[Supplied data]
==================================================

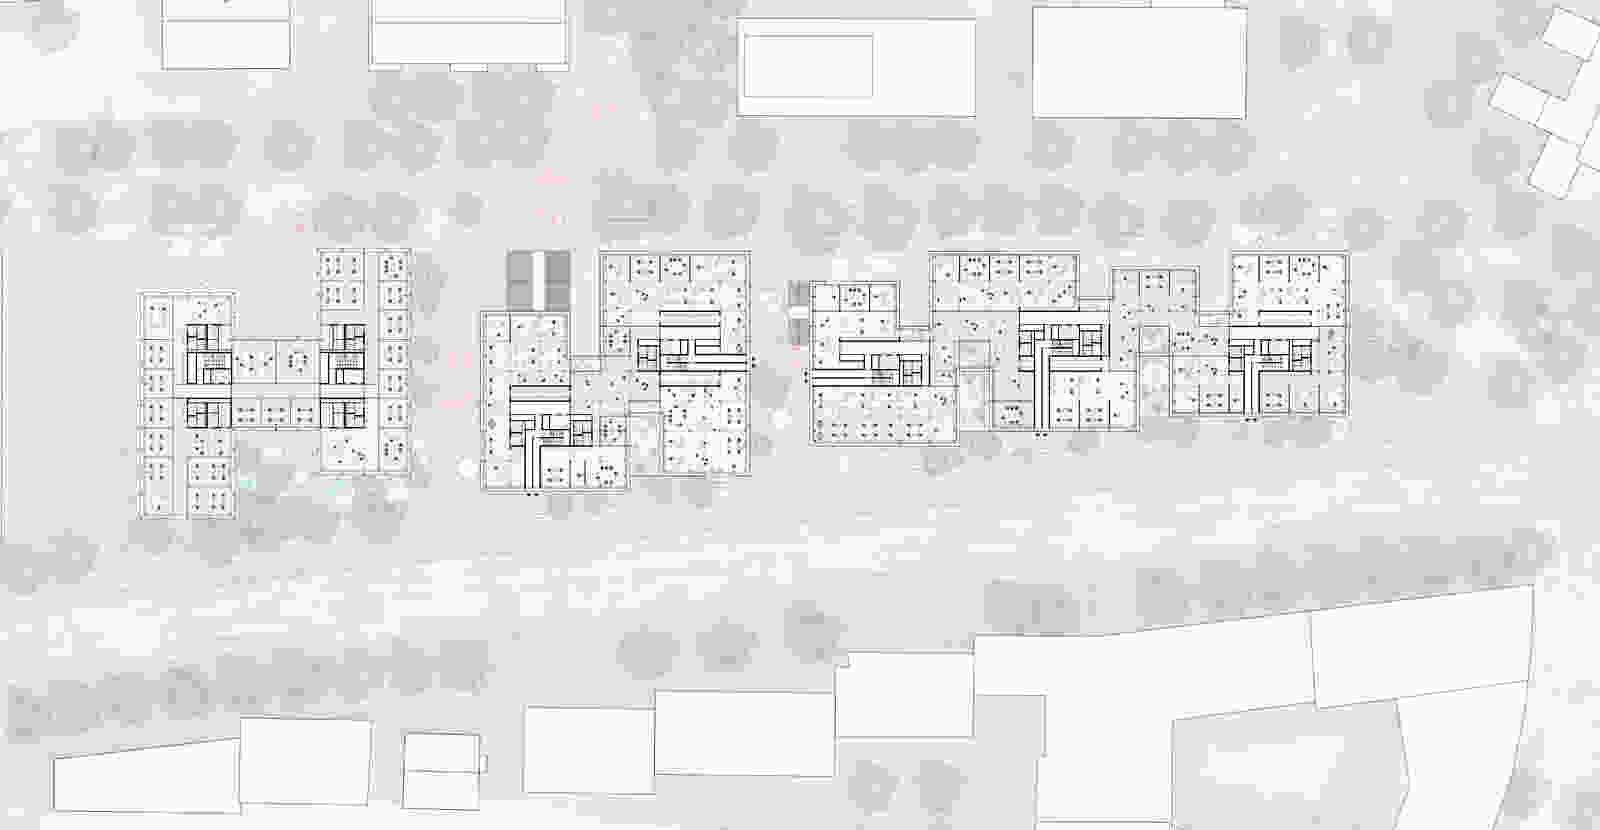 491 dmaa Gasstrasse plan level 01
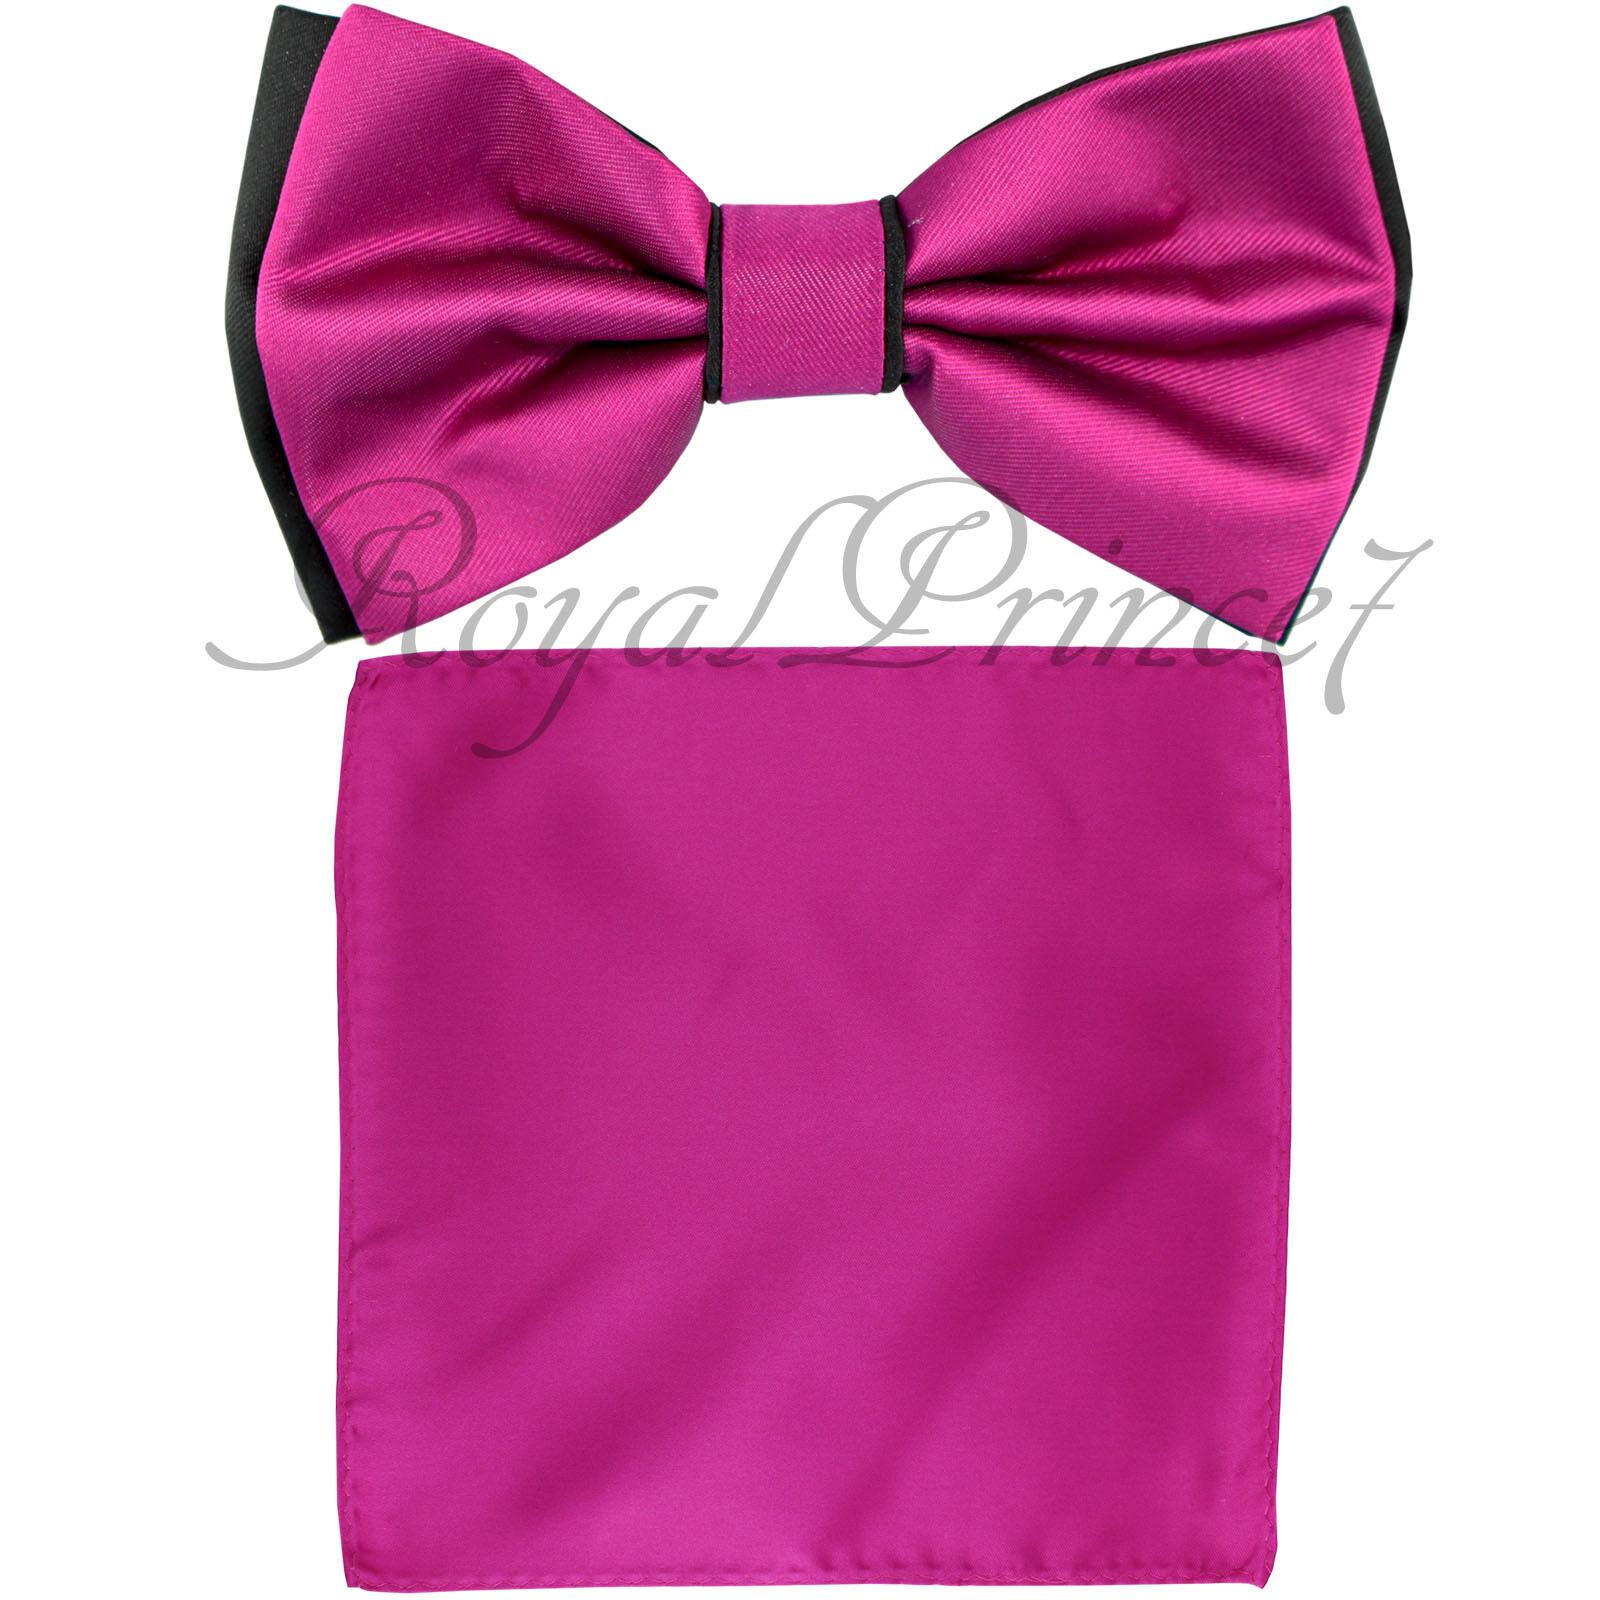 Wedding Black fuchsia vorgebunden Bow Tie & Pocket Square Handkerchief Two
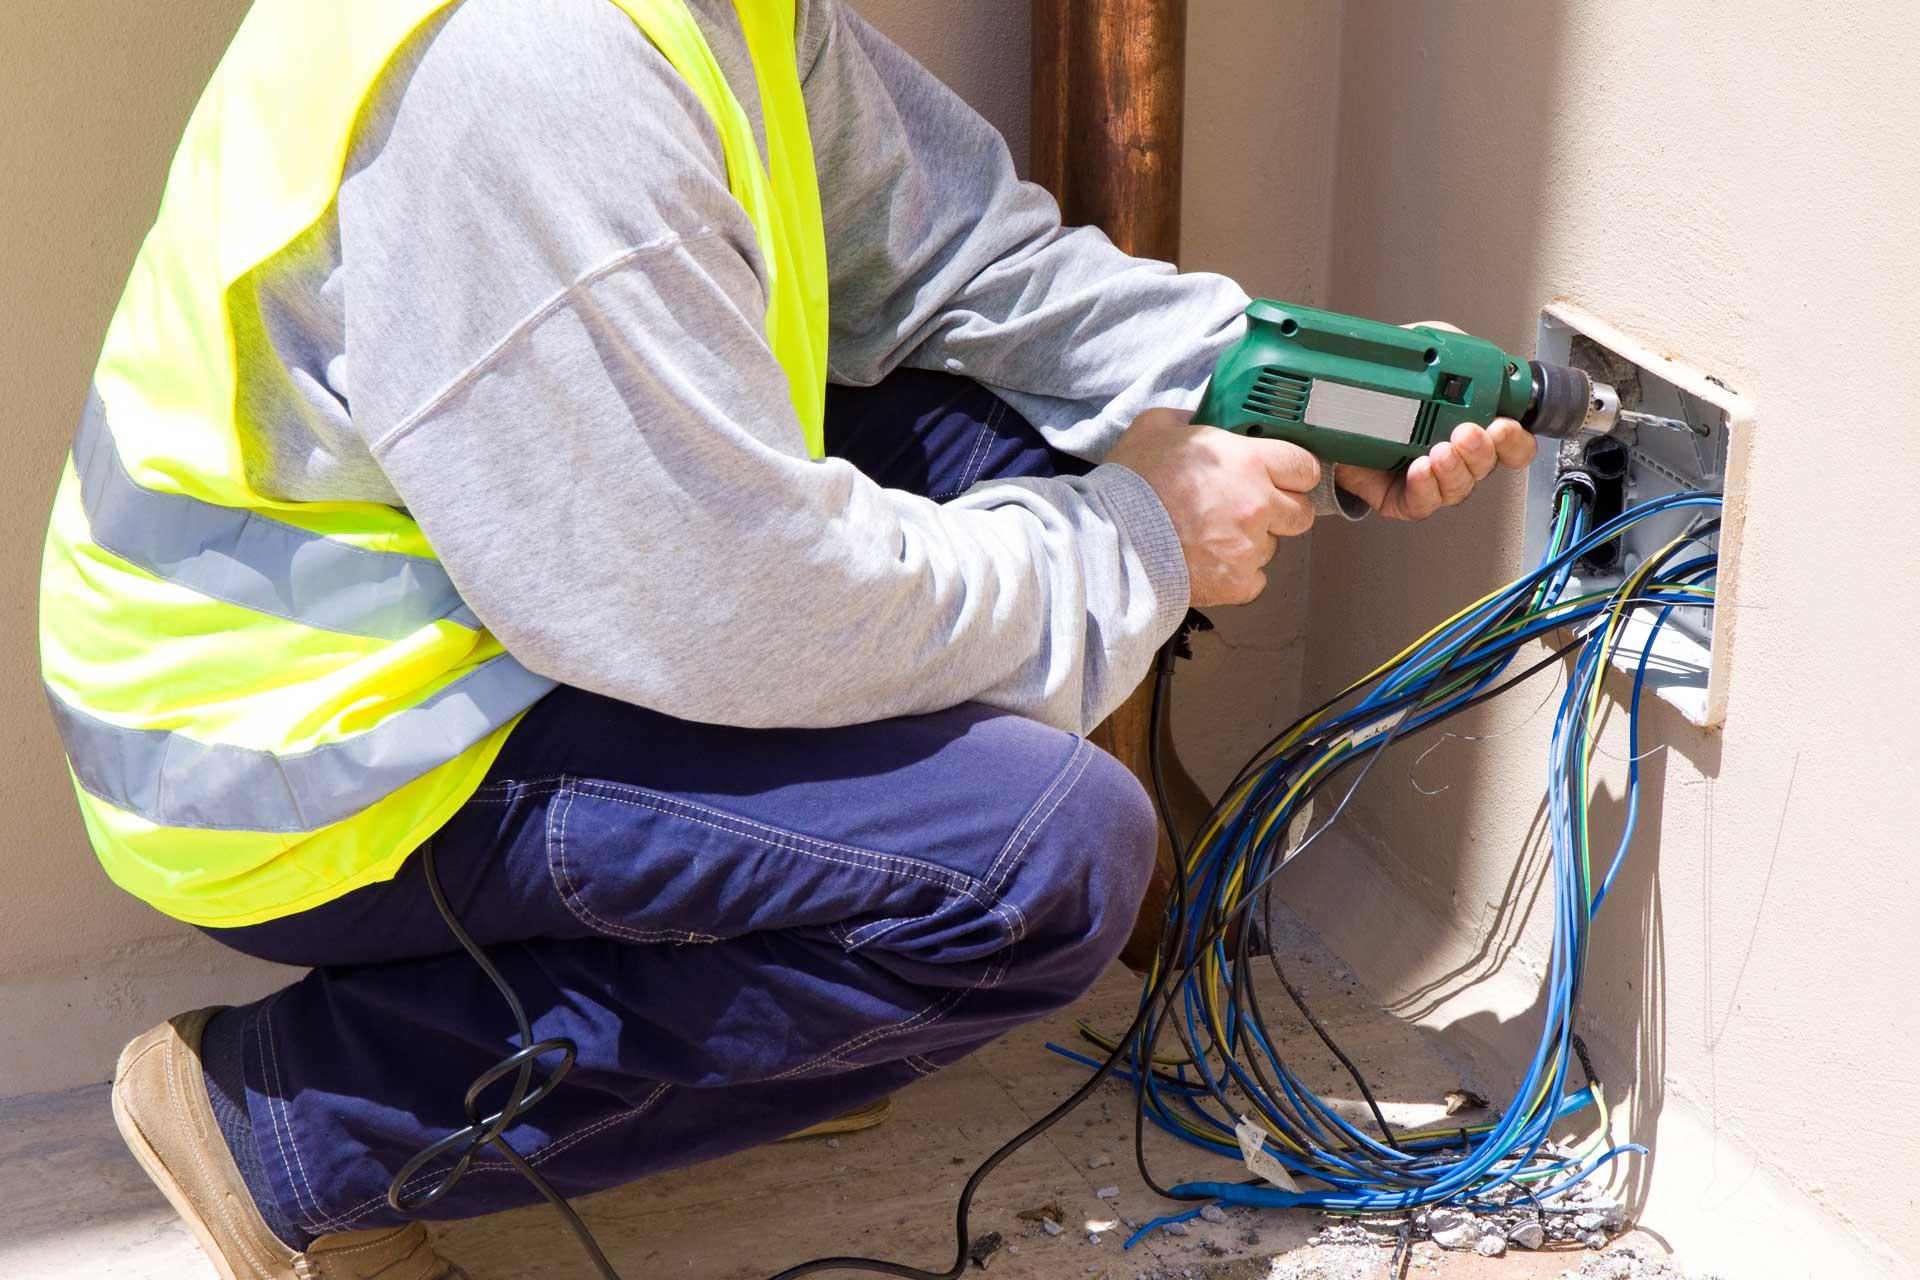 Epic Electric Kelowna Electrician Installing Electrical Panel Proper Wiring

==================================================

[Task brief]
Write out the whole listing exactly, and drop the pictures.

[Reply]
 491 dmaa Gasstrasse plan level 01
 Wedding Black fuchsia vorgebunden Bow Tie & Pocket Square Handkerchief Two
 Epic Electric Kelowna Electrician Installing Electrical Panel Proper Wiring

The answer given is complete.